Topic: I need the functionality of a javascript capable form of wge
no photo
Wed 12/29/10 01:07 AM
I need help. I want to take the scheduling information provided by several different websites and stick it into a google calendar.

I've played with the google calendar APIs (in python) and it seems pretty easy, once you've parsed your data, to insert it into google calendar.

Those websites that present their data in straight html are easy to work with - I'll send an http request in python, and parse for the calendar data.

I'm getting stuck on websites that use ajax. The tools I know how to use (for command line automation of http requests) are python, wget, and if absolutely necessary lynx. These do not handle javascript, and I'm unable (so far) to force the server to give me the scheduling data using these tools. I figure if I study the website code, I might figure out a certain XMLHttpRequest call (or similar) that the site uses to request its own data, and possibly make that same request from my machine (though cross-site security protections may prevent that...).

Another approach here might be to call a full fledged (javascript enabled) web browser and instruct it to download the data I want, saved to a file, and immediately exit. Preferably without even opening up a window. I've been googling for command line options (since "chrome /?", "chrome /h", "chrome --help", etc don't tell me anything) for chrome and firefox, but I can't figure out how to tell either browser how to:

(a) launch (without opening a window), (b) request a url, (c) process the javascript as if it were simply rendering the page, (d) save the page to a file, then (e) quit

all at once.

Basically, I want the functionality of a javascript enabled wget, for one page (not mirroring), but can't seem to make it happen.

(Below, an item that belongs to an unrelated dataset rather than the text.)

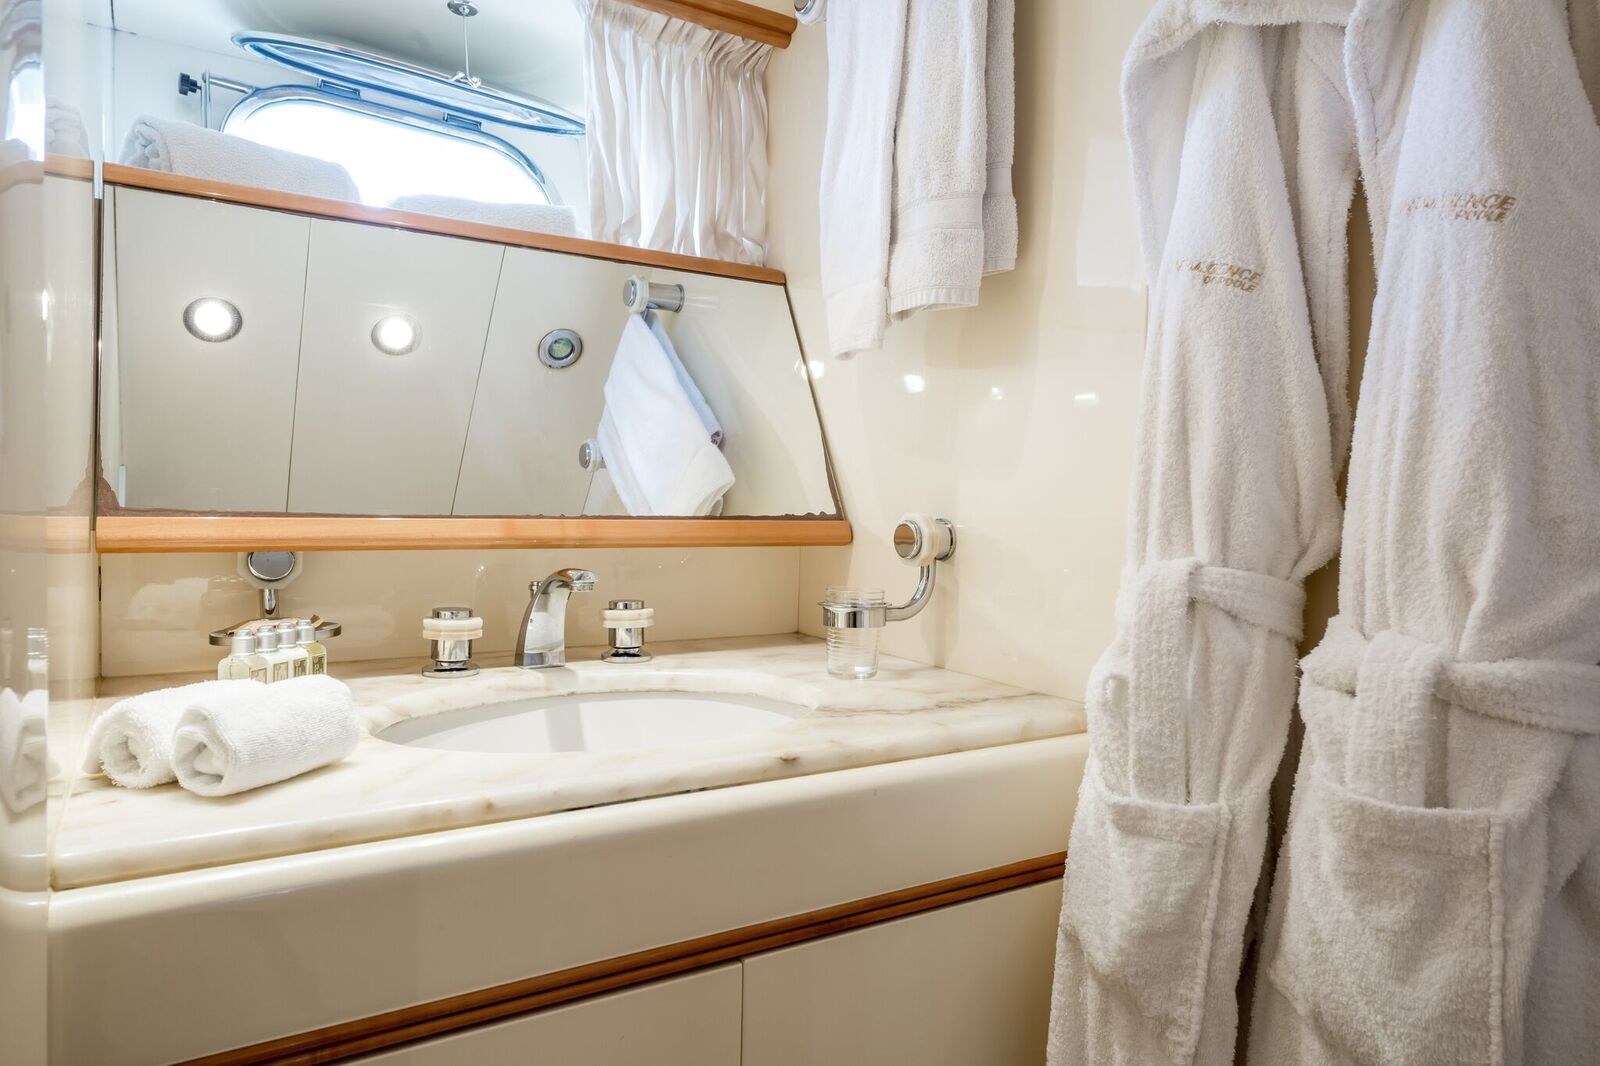 INDULGENCE OF POOLE Mangusta 86 Luxury Superyacht Bathroom

Any ideas? Alternatives? Intimate knowledge of non-gui use of browsers? Has anyone done this before? Tips? Tools that might help me which I've not mentioned here?

Help?


no photo
Wed 12/29/10 01:14 AM
In case my way of expressing myself is unclear, this person was asking a very similar question....

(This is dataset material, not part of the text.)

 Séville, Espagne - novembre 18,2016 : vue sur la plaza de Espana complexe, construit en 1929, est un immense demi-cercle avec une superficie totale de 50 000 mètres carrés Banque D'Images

http://www.linuxquestions.org/questions/linux-software-2/wget-replacement-that-understands-javascript-121396/

no photo
Wed 12/29/10 01:22 AM
Grr... I wasn't able to find anything useful on google the last few times I looked, but after posting this question I finally found the following, which is somewhat helpful. HtmlUnit, maybe.

http://stackoverflow.com/questions/1106268/command-line-url-fetch-with-javascript-capabliity

Still interested in hearing tips from anyone whose already done this exact thing...

no photo
Thu 12/30/10 05:15 PM
Well I'm still stuck. I don't want to go the 'automate a GUI' route, it seems messy and I can't scp that code to any ol' remote server for execution.

I tried using firefox's liveheaders to see which urls were called with which post data with which cookies set, and faked it as best i could using wget, only to get the same stub of a main page returned, without the data.

i may install ruby and try watir, but i'm still hoping someone on this site has done this kind of thing before.

anyone?

Allaboutmetoo's photo
Fri 12/31/10 01:18 PM
if you go to the site date hookup into the computer nerds forum those guys are guru's...hope this helps

no photo
Sat 01/01/11 03:21 PM

if you go to the site date hookup into the computer nerds forum those guys are guru's...hope this helps


Are you saying that the geeks on another site are smarter than the geeks on this site? :tongue:

(Thank you for the suggestion)